There is strong anecdotal evidence to suggest that, at some point, mixed-race babies from around the country were routinely transferred to Pelletstown and possibly kept in a segregated ward. The ‘coloured’ babies, as they were called, were held until they were old enough to be transferred to St. Philomena’s or St. Theresa’s and it was extremely rare for them to be adopted. Casual racism and sectarianism were commonplace in the homes; mixed-race babies and children were subjected to additional beatings, racist verbal abuse and shaming throughout their time in State ‘care’. They almost universally ended up in the industrial schools, whose survivors still bear the scars of their shameful treatment. Most of these survivors left Ireland as soon as they were freed from the system and, over the last few years, have organised themselves into the ‘Association of Mixed Race Irish’ founded by activist Rosemary Adaser. They have become a powerful campaigning group with several members bravely speaking out about their personal stories. Pelletstown features in practically every story.
By far the best evidence relating to conditions in the homes from the 1920s and 1930s are the records of ‘infant mortality rates’. Before looking in detail at the available records from Pelletstown, it is important to understand exactly how ‘infant mortality rates’ (IMR) work and how to interpret them. Sadly, it is necessary to go into detail about this tragic, and often taboo, subject.
Mortality Rates
The term ‘infant mortality rate’ is used by countless commentators who may have different understandings of its proper definition and usage.
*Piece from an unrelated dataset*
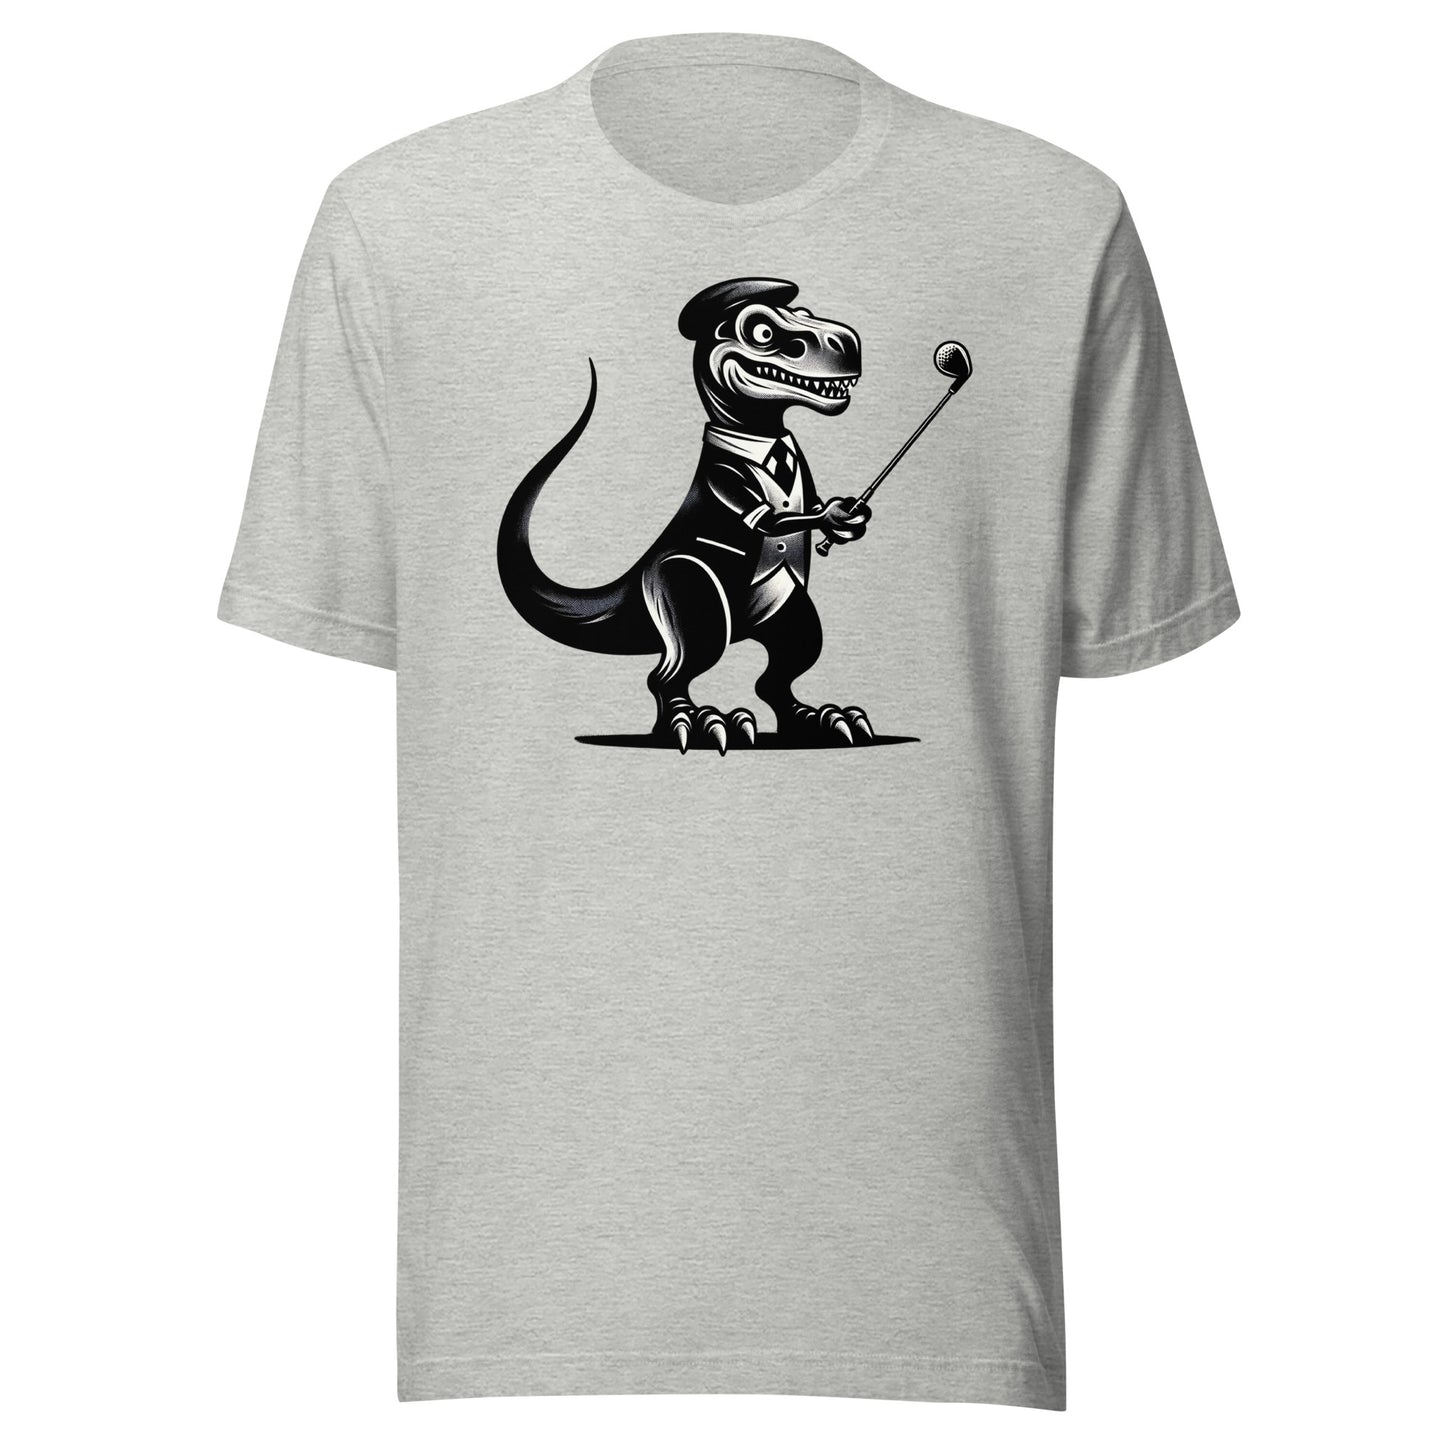 Jurassic Golfer: T-Rex on the Greens - Monochrome Golfing Dinosaur Unisex t-shirt

The IMR is correctly defined as the percentage figure of the number of babies who were born alive but did not survive until their first birthday. The number of babies who survived their first year is compared to those who did not survive in any given area or institution. It is expressed in two ways: as a percentage figure or as a total number of deaths out of 1,000. The percentage version will be used in this book.
It is imperative to have a basic grasp of the overall IMR in Ireland since 1922 to fully understand the figures given for infant deaths throughout the rest of this book. In 1900, the IMR in Ireland was 9.9%. In other words, one in every ten babies born alive did not live to see his or her first birthday. This figure includes both legitimate and illegitimate babies. The IMR has dropped steadily around the world due to the availability of modern medicine.